Venerdì notte sono andato alla festa di IRS. I concerti di Marino Derosas e Cordas e Cannas erano bellissimi. La gente era poca, eterogenea ma l'aria che si respirava era festosa. Ho rimpianto di non aver portato con me Daniela ed i piccoli (la grande suppongo mi avrebbe chiesto 100 euro per venire ad una cosa del genere). Una cosa buona va condivisa.
Lo so che l'indipendenza della Sardegna è come chiedere al Cagliari di vincere un altro scudetto. Lo so che più passa il tempo più siamo invischiati da questa italianità farlocca, abituandoci giorno dopo giorno ad un normale che è illegale, a non doverci più sorprendere nè indignare.
Perchè vale tutto.
Basta che sia nuovo, simpatico e ci faccia ridere.

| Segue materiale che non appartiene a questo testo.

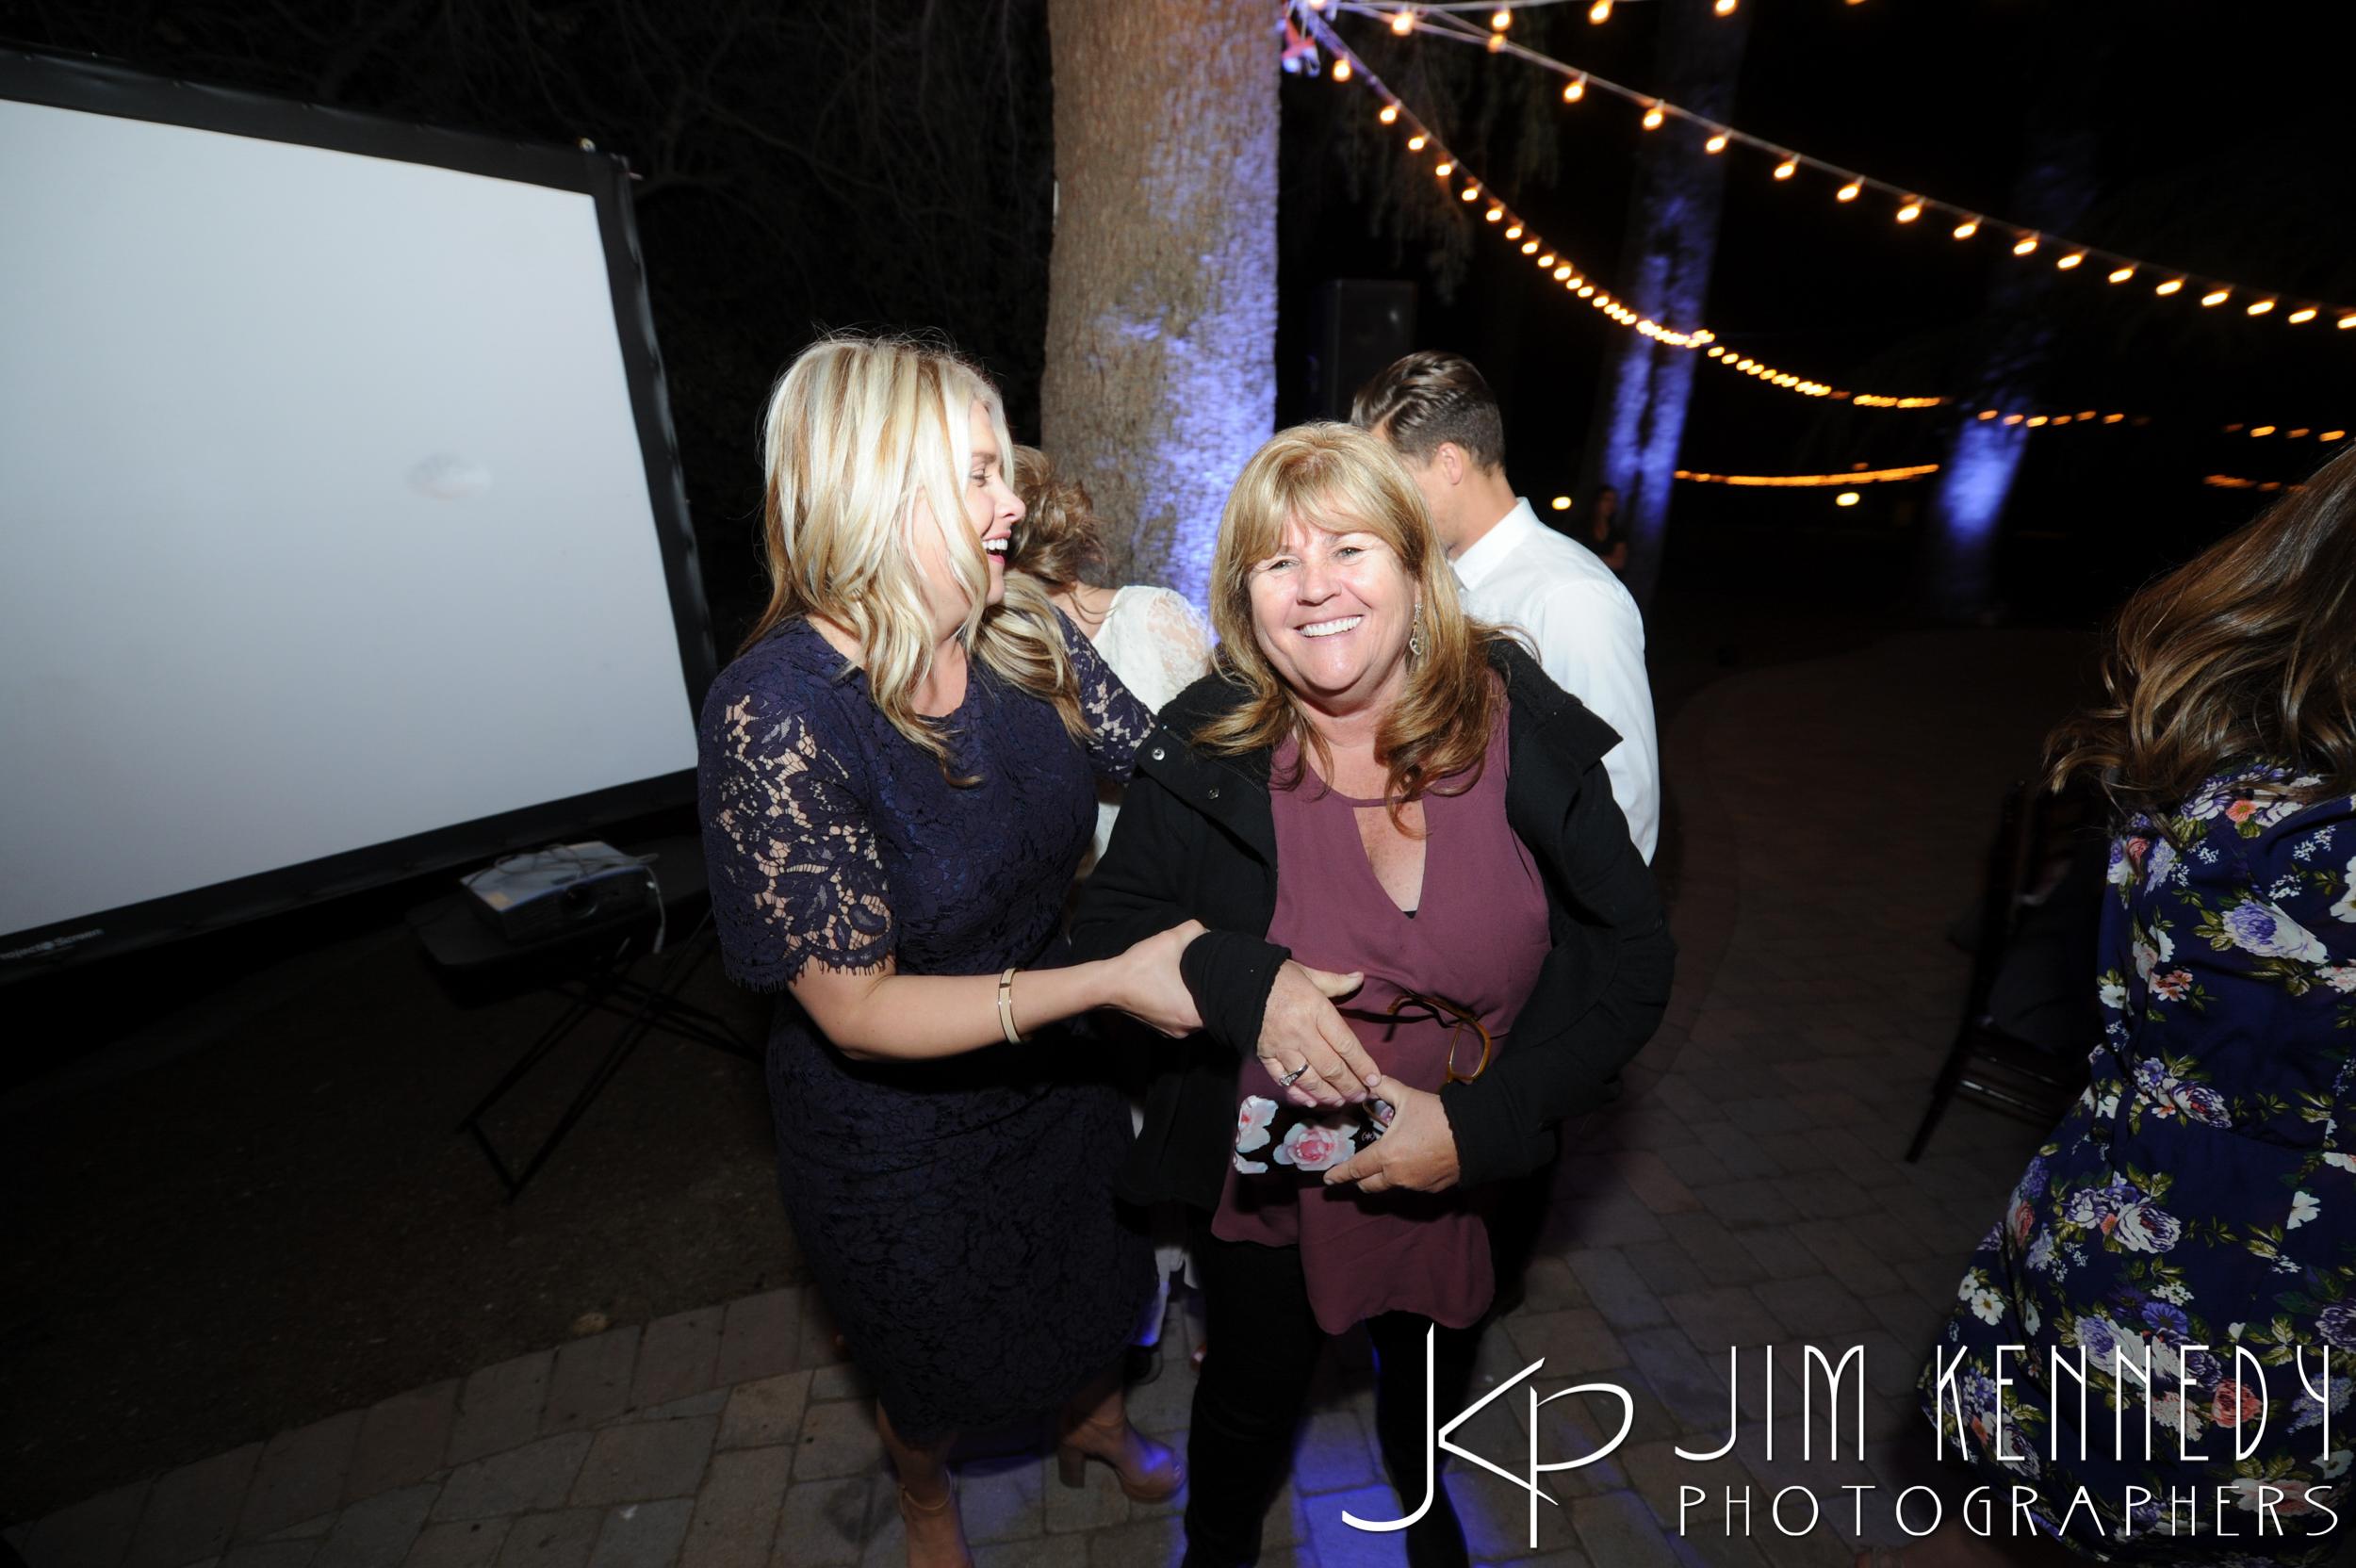 jim_kennedy_photographers_highland_springs_wedding_caitlyn_0214.jpg
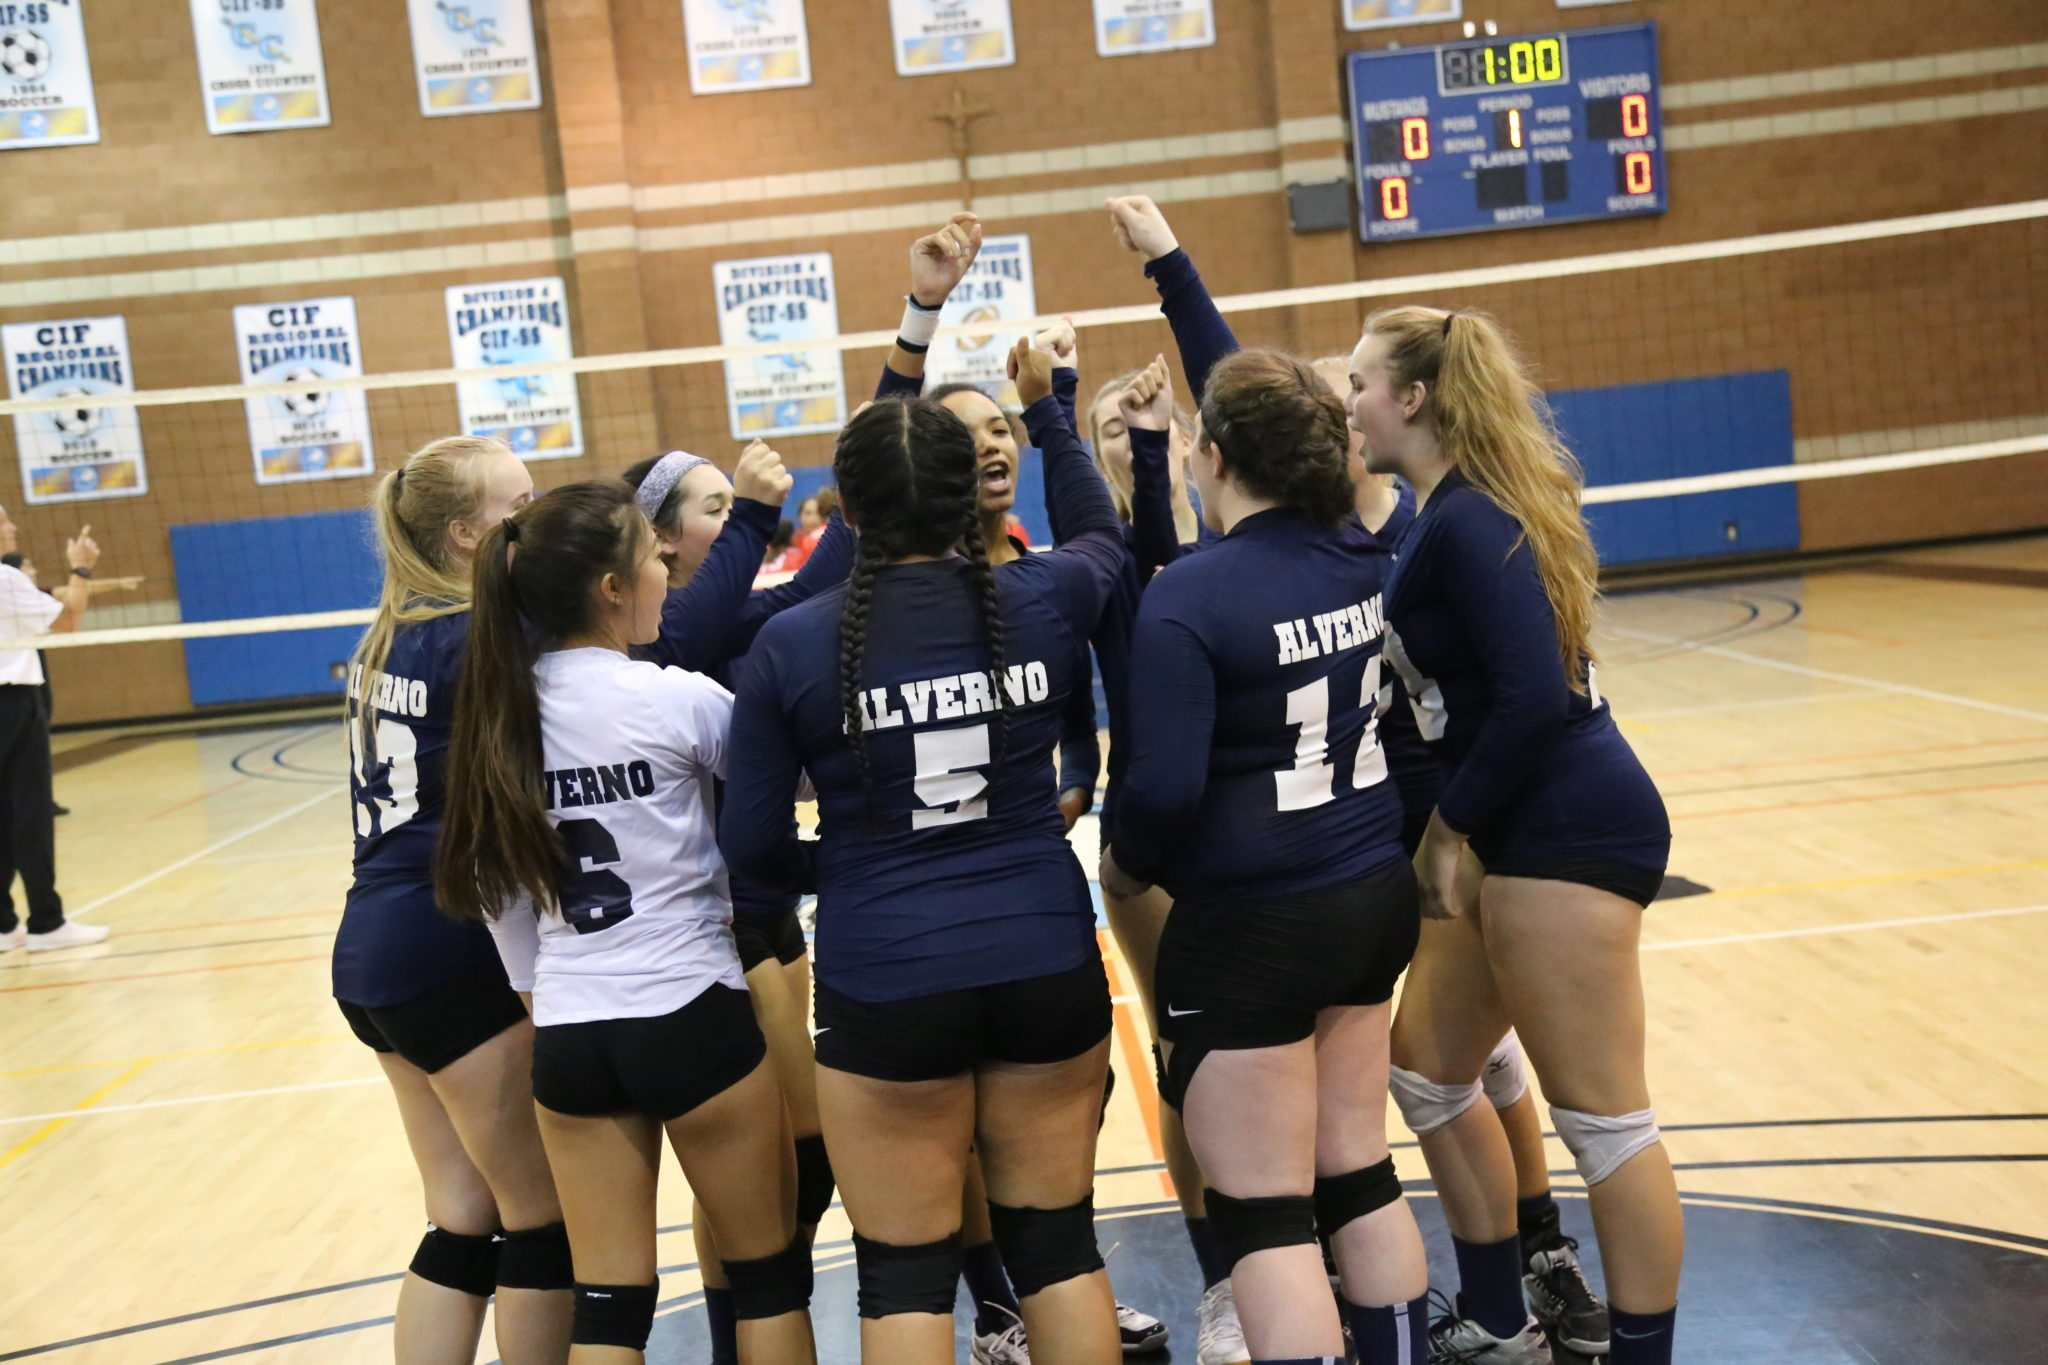 Alverno Heights Academy Welcomes New Head Volleyball Coach Regarding Del Oro High School Calendar

Basta che ci faccia dimenticare che le cose vanno sempre peggio, che siamo volenti o nolenti parte di questa nazione più grande che ci trova bizzarri nella migliore delle ipotesi.
Eppure, come ho già fatto altre volte, mi voglio ripetere quanto c'è scritto nel parco delle rimembranze di Dublino, sulla stele che commemora la loro indipendenza
In the darkness of despair we saw a vision,
We lit the light of hope and it was not extinguished.
In the desert of discouragement we saw a vision.
We planted the tree of valour and it blossomed.
In the winter of bondage we saw a vision.
We melted the snow of lethargy and the river of resurrection flowed from it.
We sent our vision aswim like a swan on the river. The vision became a reality.
Winter became summer. Bondage became freedom and this we left to you as your inheritance.
O generations of freedom remember us, the generations of the vision.
Si, forse la mia è solo una visione, un sogno. Ma preferisco credere ad un sogno che rassegnarmi ad una bugia.